Today i was testing a e-bike project with a 24V DC motor controlled by an arduino using the method shown in this video:  https://www.youtube.com/watch?v=ipFxYQkB5uw&t=281s
I was outside so i was powering everything from batteries, i had three 12V batteries in series supplying 38V to the controller and the motor was attached to the controller. I had an Uno powered by two 18650 lithium ion cells in series (about 6.4v). The ground between the motor  controller and the Uno was common in order for the PWM to work.
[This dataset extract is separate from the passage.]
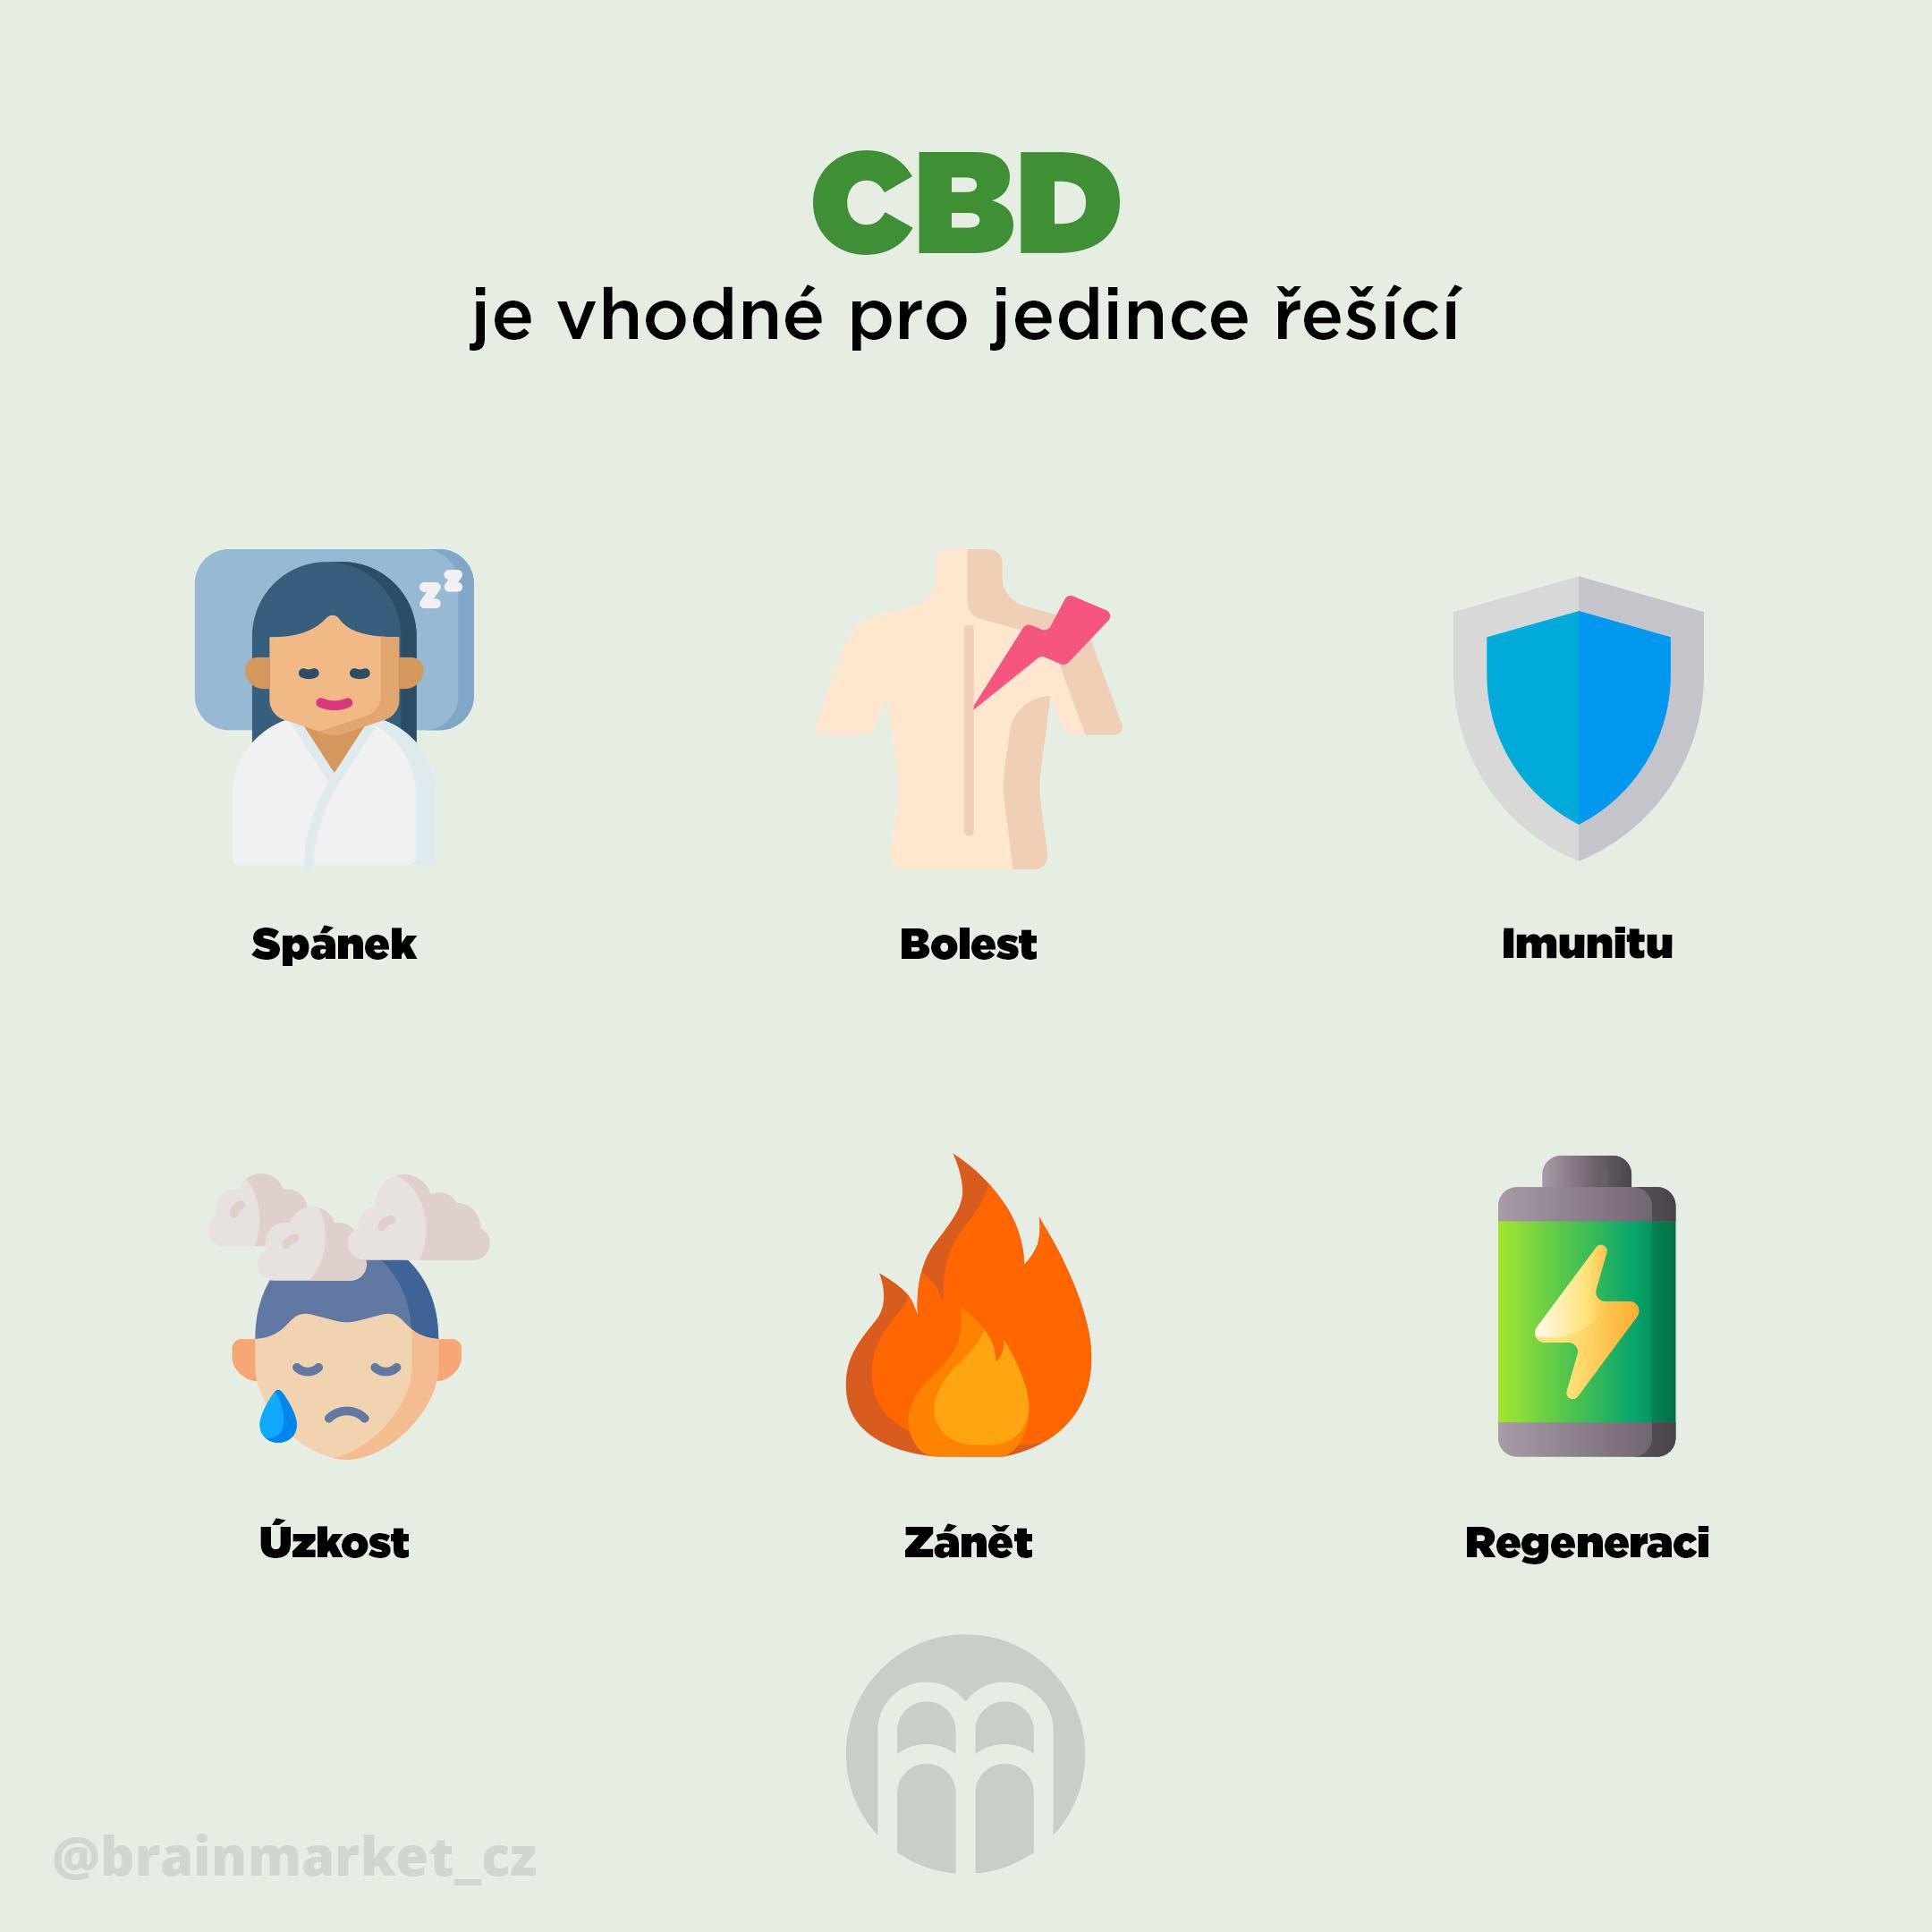 cbd-je-vhodne-pro-jedince-resici-infografika-brainmarket-cz

Same thing, everything was working fine with the Uno powered through the Vin pin, when i was done testing i disconnected the ground pin from the arduino, then tried to reconnect it and boom smoke again.
Both boards are not recognized by the pc, have some leds on all the time and get really really hot as soon as they are powered.
I'm not sure why this happened?
Is it possible that is it because i had the ground terminal of the 18650 cells wired directly to both the Uno and to the Power In ground terminal of the controller?
thanks

hammy

I think we need some circuit diagrams  .

Depending on your circuit , disconnecting the ground may have put a reverse voltage or a higher voltage onto the Arduino than it can tolerate - disconnecting via the ground pin is never a good idea , and maybe the root cause .
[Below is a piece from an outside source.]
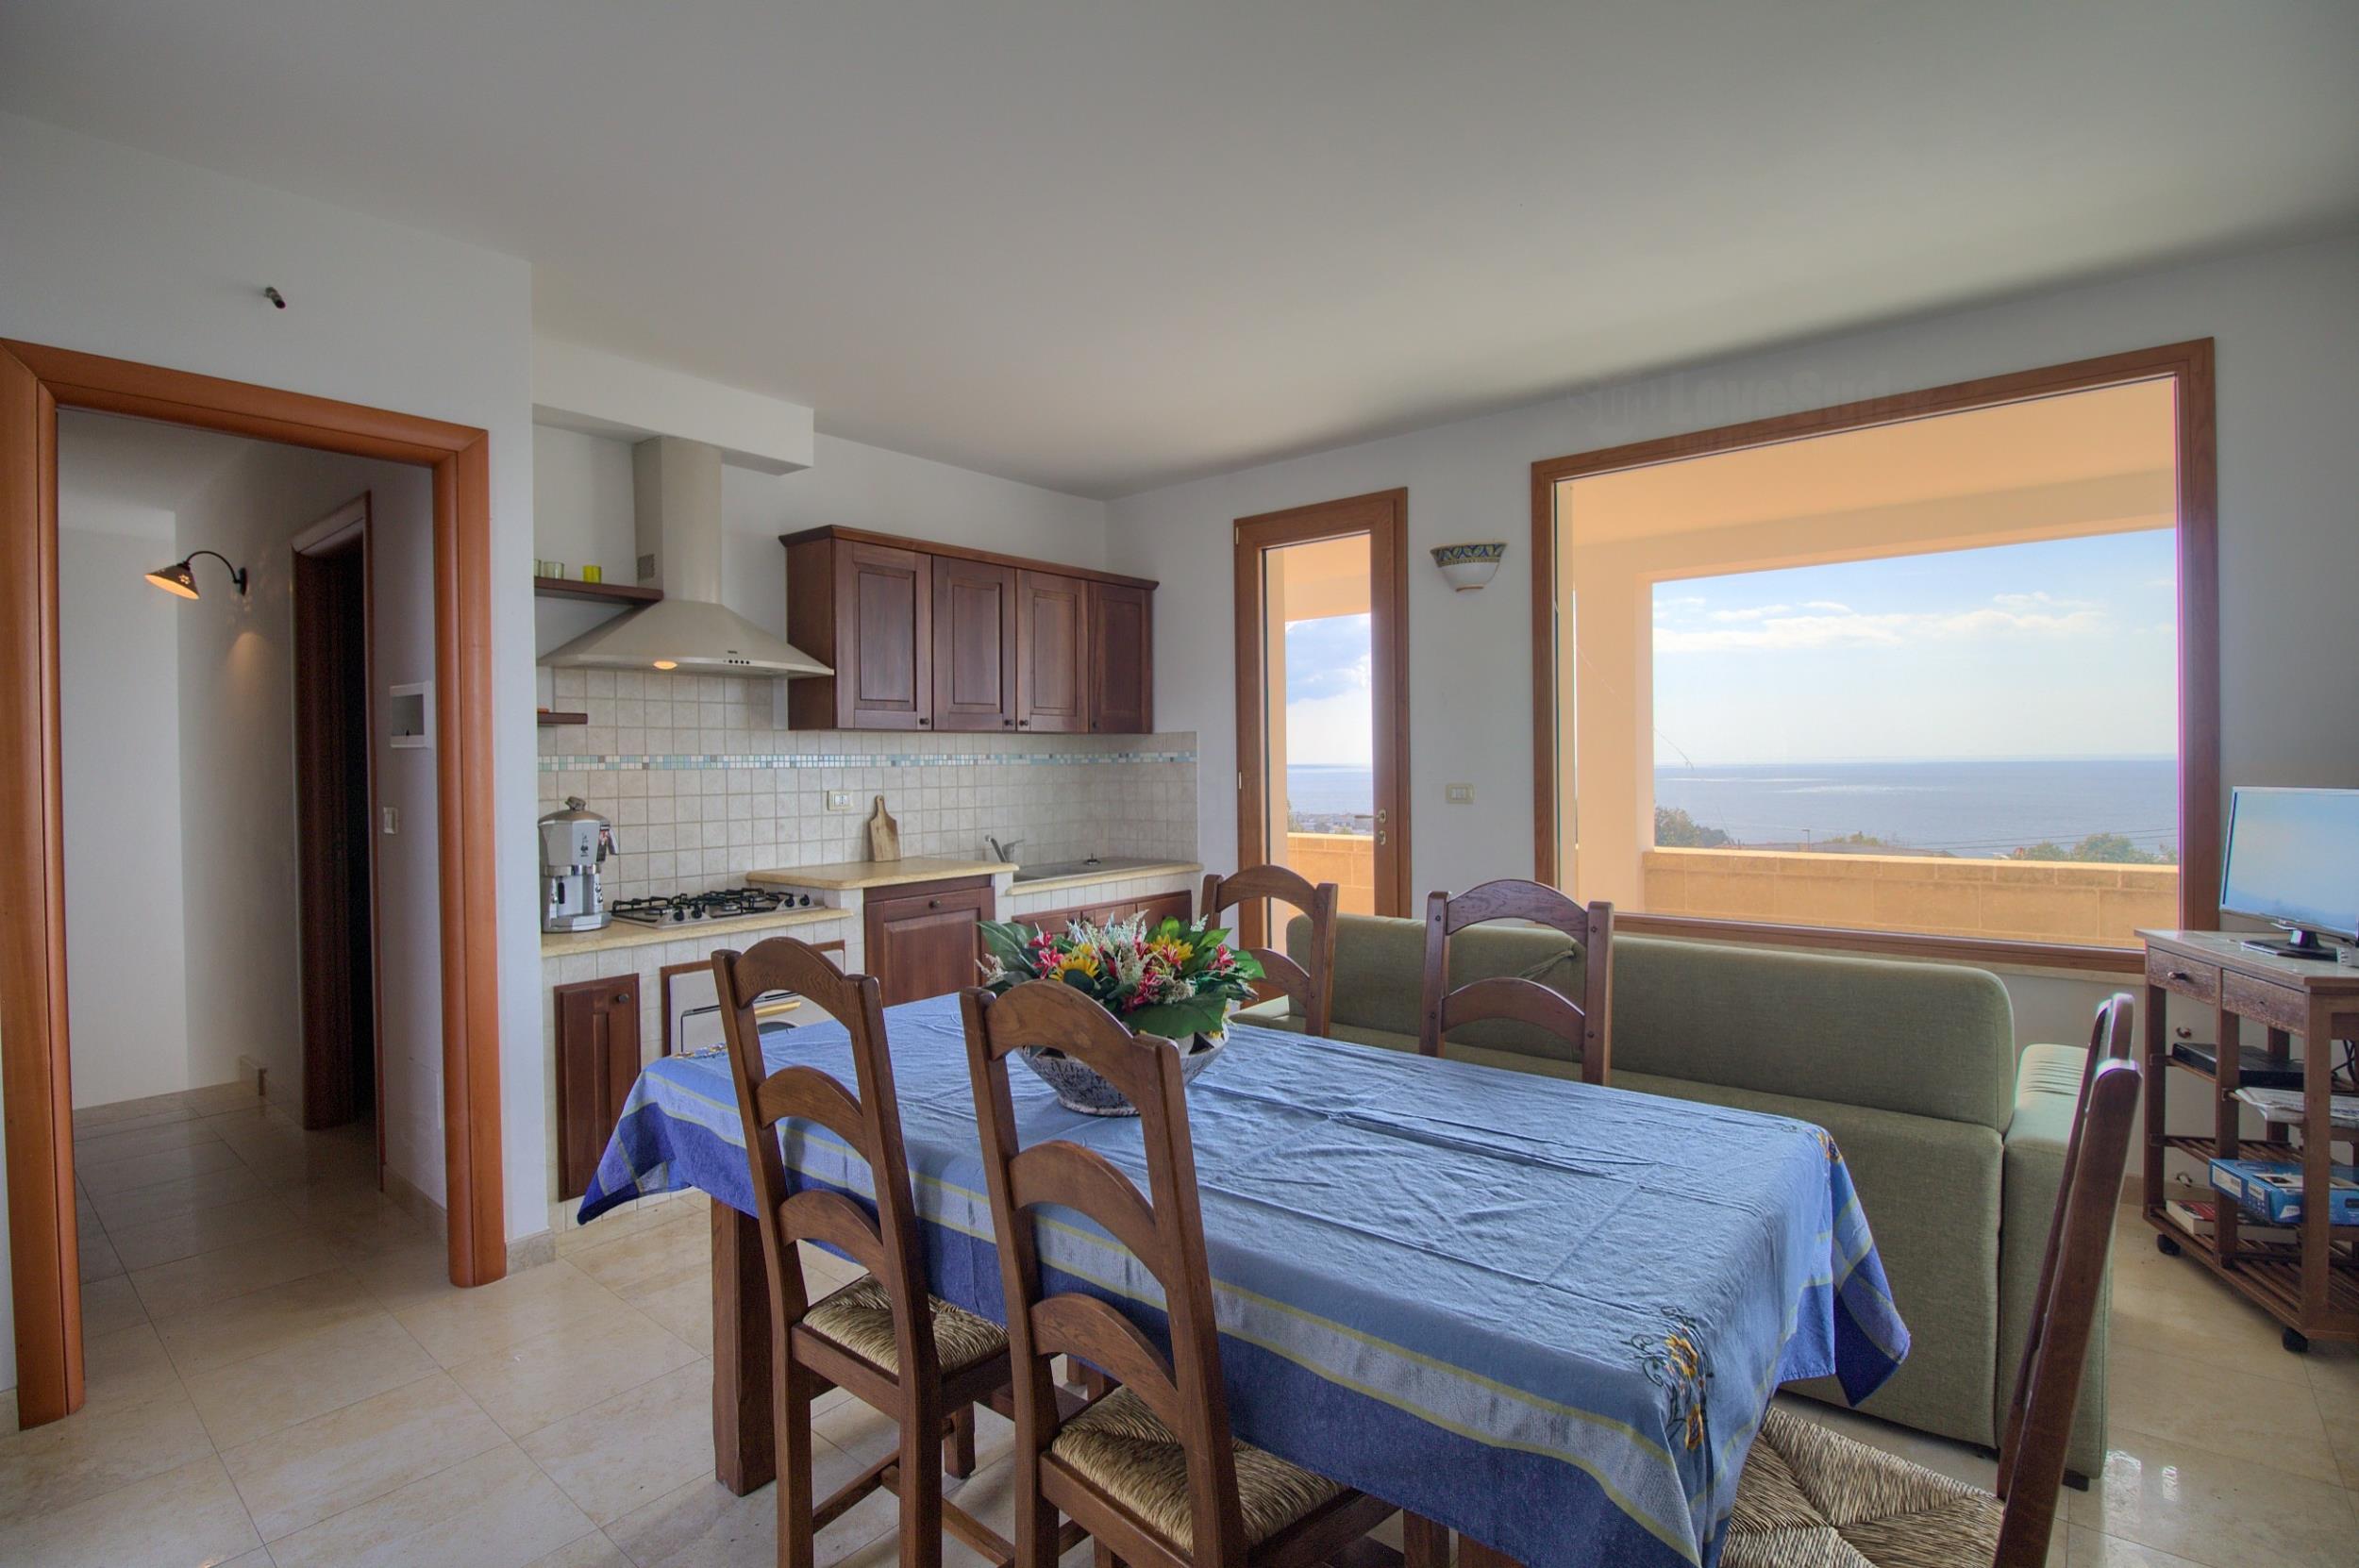 Apartment Corbezzolo vista mare photo 22470862

You need to be careful with your wiring and have an understanding of what you are doing  with Connecting voltages from other devices operating above 5v. Higher than 5v voltages onto pins other than Vin can destroy it .... as you may have found .

WattsThat

If you're connecting and disconnecting power and or grounds when voltage is present, that would be why things are failing.
Vacuum tube guy in a solid state world

DVDdoug

"Motor" and "smoke" sound like a missing (or misused) flyback diode.
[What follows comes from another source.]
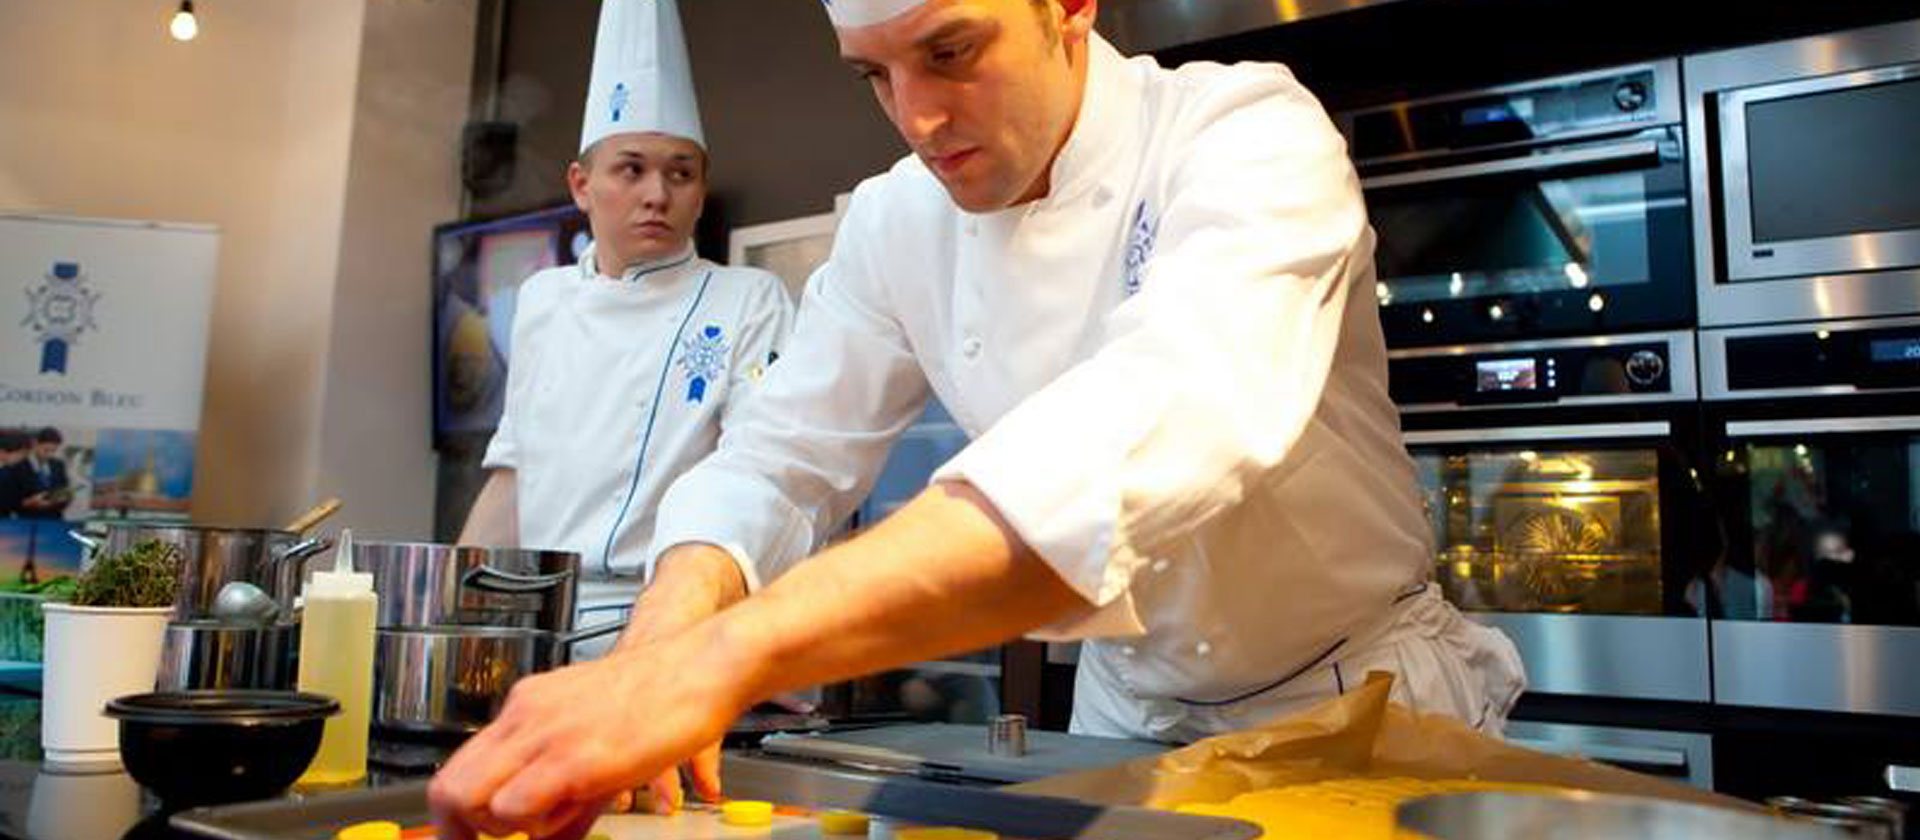 Cuisine Chef david duverger - le cordon bleu london

Another possibility is electrostatic discharge (from not grounding yourself when you touch the circuitry).

TomGeorge

Hi,
Have you got fuses on your power supply lines, especially if you are using batteries that are capable of 5A or more.

Any short and the current will, will as you have found, make the smoke appear.

How are you connecting your project components?

Can you post a picture of your latest smoking controller?

Thanks.. Tom.. :)
Everything runs on smoke, let the smoke out, it stops running....

amadeok

I think we need some circuit diagrams  .

Depending on your circuit , disconnecting the ground may have put a reverse voltage or a higher voltage onto the Arduino than it can tolerate - disconnecting via the ground pin is never a good idea , and maybe the root cause .

You need to be careful with your wiring and have an understanding of what you are doing  with Connecting voltages from other devices operating above 5v. Higher than 5v voltages onto pins other than Vin can destroy it .... as you may have found .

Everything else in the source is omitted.